Last week we argued Champagne was a poor choice for a wedding reception. Too many people, too high prices, too much cacophony to appreciate expensive French bubbles.
Champagne has a place. Consider it for an intimate honeymoon meal. Consider it for an anniversary tête-à-tête. Consider it when you want to treat yourselves to a special episode just because you can.
While Champagne makers insist their product is more than just a special-time tipple, for most of us opening a wine that costs triple digits automatically makes it a special event. So what is Champagne? There are specific rules and production methods that make it what it is and why it costs what it does.
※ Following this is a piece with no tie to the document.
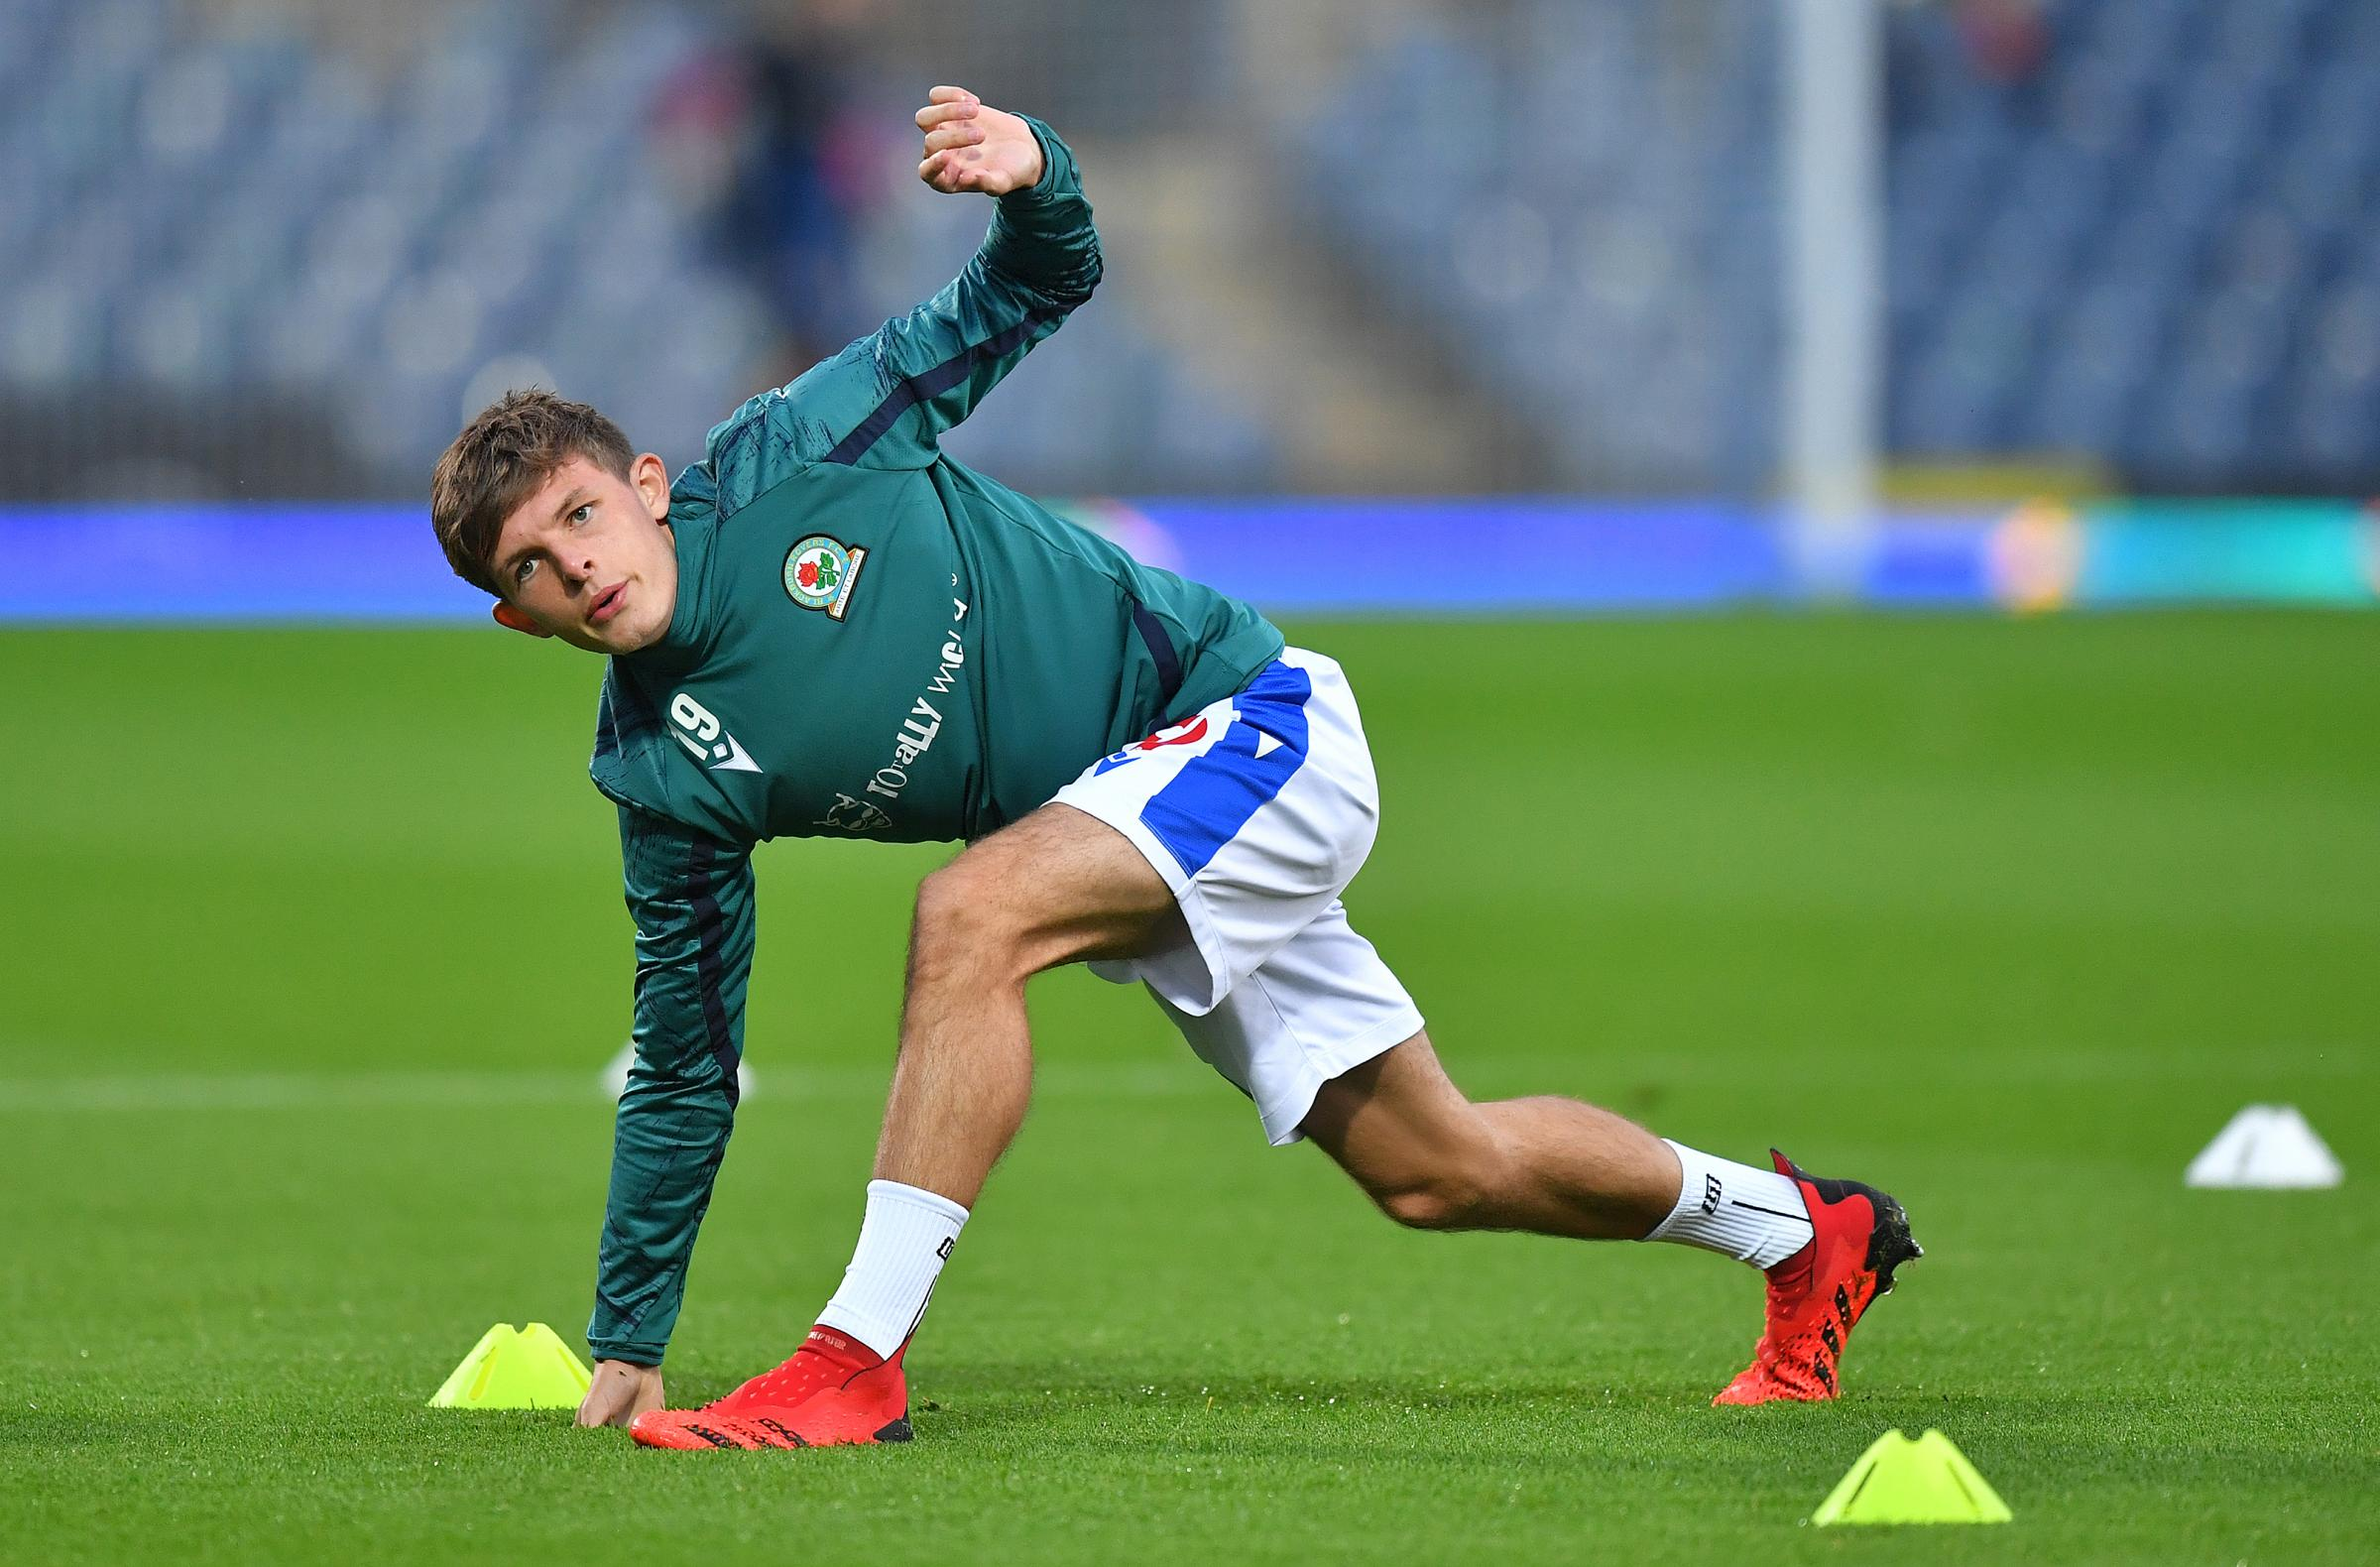 Liverpool volverá a Blackburn Rovers después de la salida de Inglaterra Sub-20

Start with location. Champagne is exclusive to the chalk-and-clay soils of France’s Champagne region centered around the city of Reims, about 90 miles east, slightly north of Paris. Legislation defined the production zone in 1927. It encompasses about 132 square miles, 319 villages. Nearly 280,000 plots are tended by more than 16,000 growers. Most plots are about the size of a tennis court.
Myriad plots create a mosaic of individual terroirs, giving Champagne makers a rich, diverse palate of grapes. Champagne can only be made using three grapes: chardonnay, pinot noir, and pinot meunier, although very limited quantities of other varieties are allowed in rare instances.
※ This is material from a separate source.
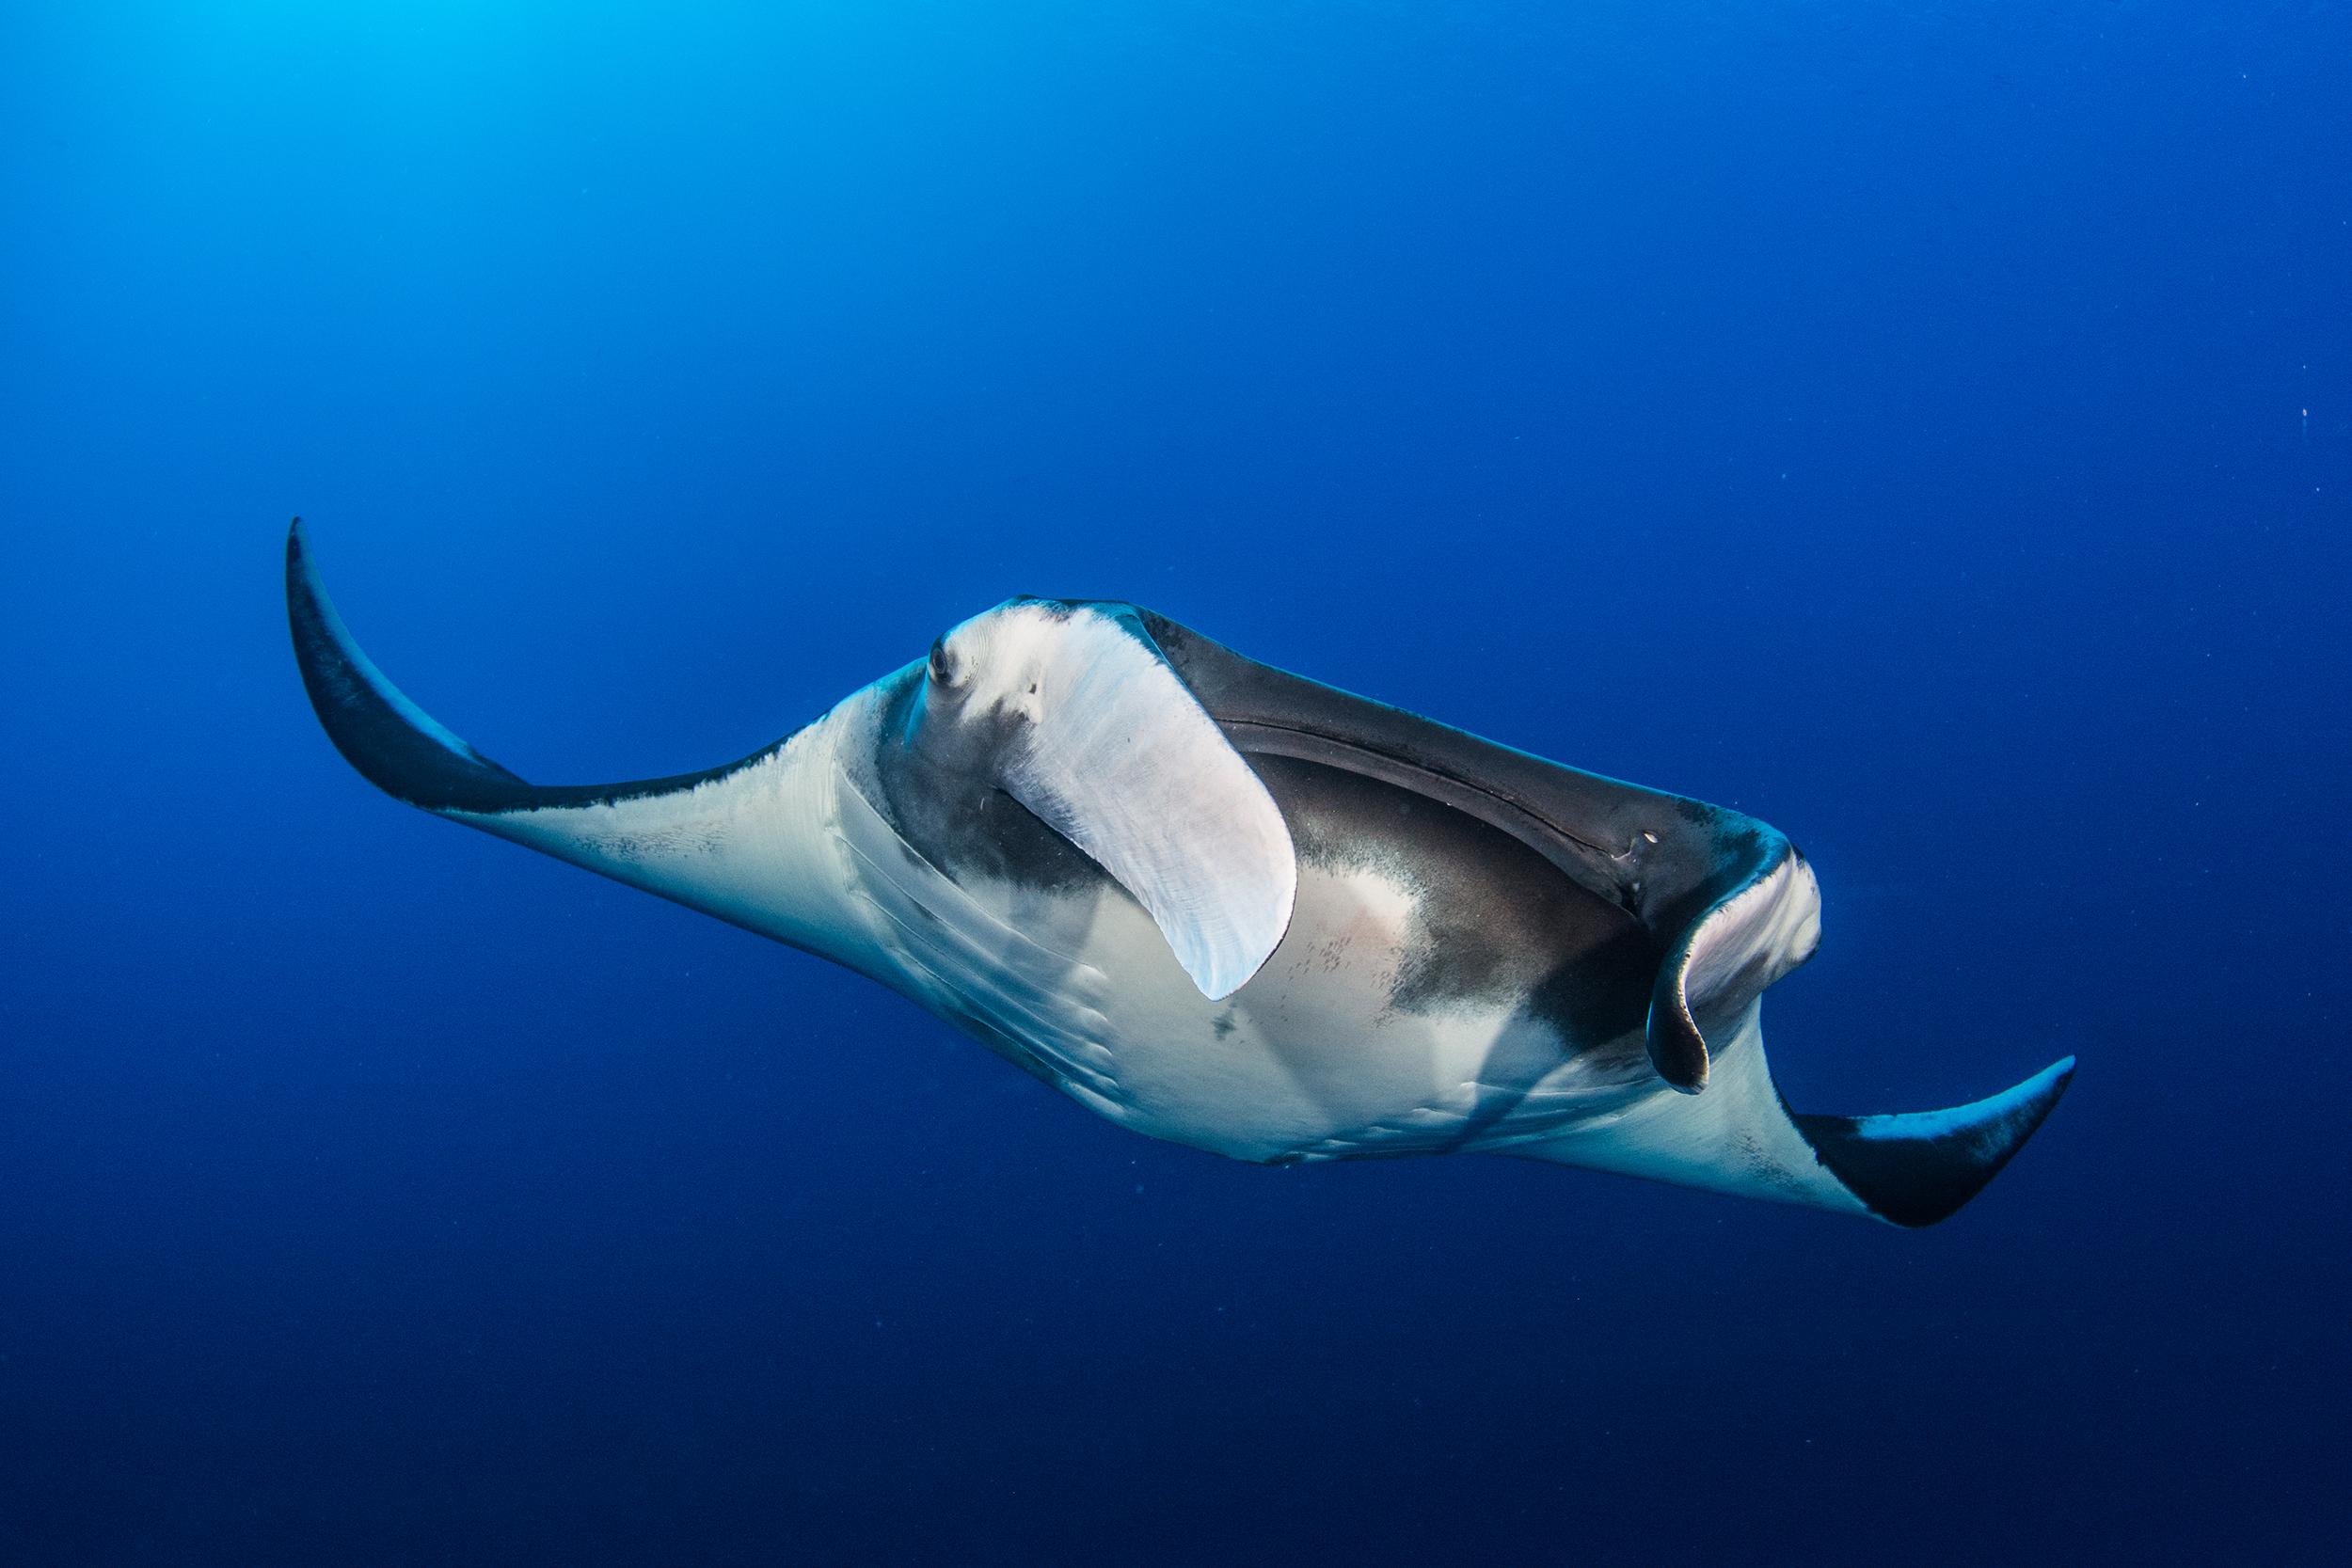 Manta In the Maldives Credit: Simon Hilbourne / Coral Reef Image Bank

Makers must employ méthode traditionnelle where the second fermentation—the fermentation that produces CO2 bubbles—is in the bottle that you eventually buy. Non-vintage bottles must age a minimum of 15 months in the bottle; many Champagne houses age longer. Vintage-dated bottles must age a minimum of three years; many houses age longer.
Champagne is the most expensive sparkling wine. Elaborate and lengthy production protocols contribute to Champagne’s pricing. Vintage-dated bottles start at $60-80. Prestige bottles have sold for as much as $2 million. Ultra high-end examples sell for $275,000. A bottle of Perrier-Jouët, 1874 vintage, sold for $57,000, the record amount at Christie’s. You can buy a bottle of Dom Perignon Brut Rosé 2005 online for $2,500-$3,500. Everyday bottles sell for $125-$300-plus.
Champagne costs as much as it does because it is excellent wine, time-consuming to make, rare in the highest quality tiers, and—most importantly—because Champagne drinkers are willing to pay. All of which is why I recommended you pour less-expensive sparkling at your raucous post-matrimonial-vows shindig. Save Champagne for the times and places you can really appreciate it.
Last round: Marriage is a union between a person who never remembers anniversaries and another person who never forgets them. Wine time.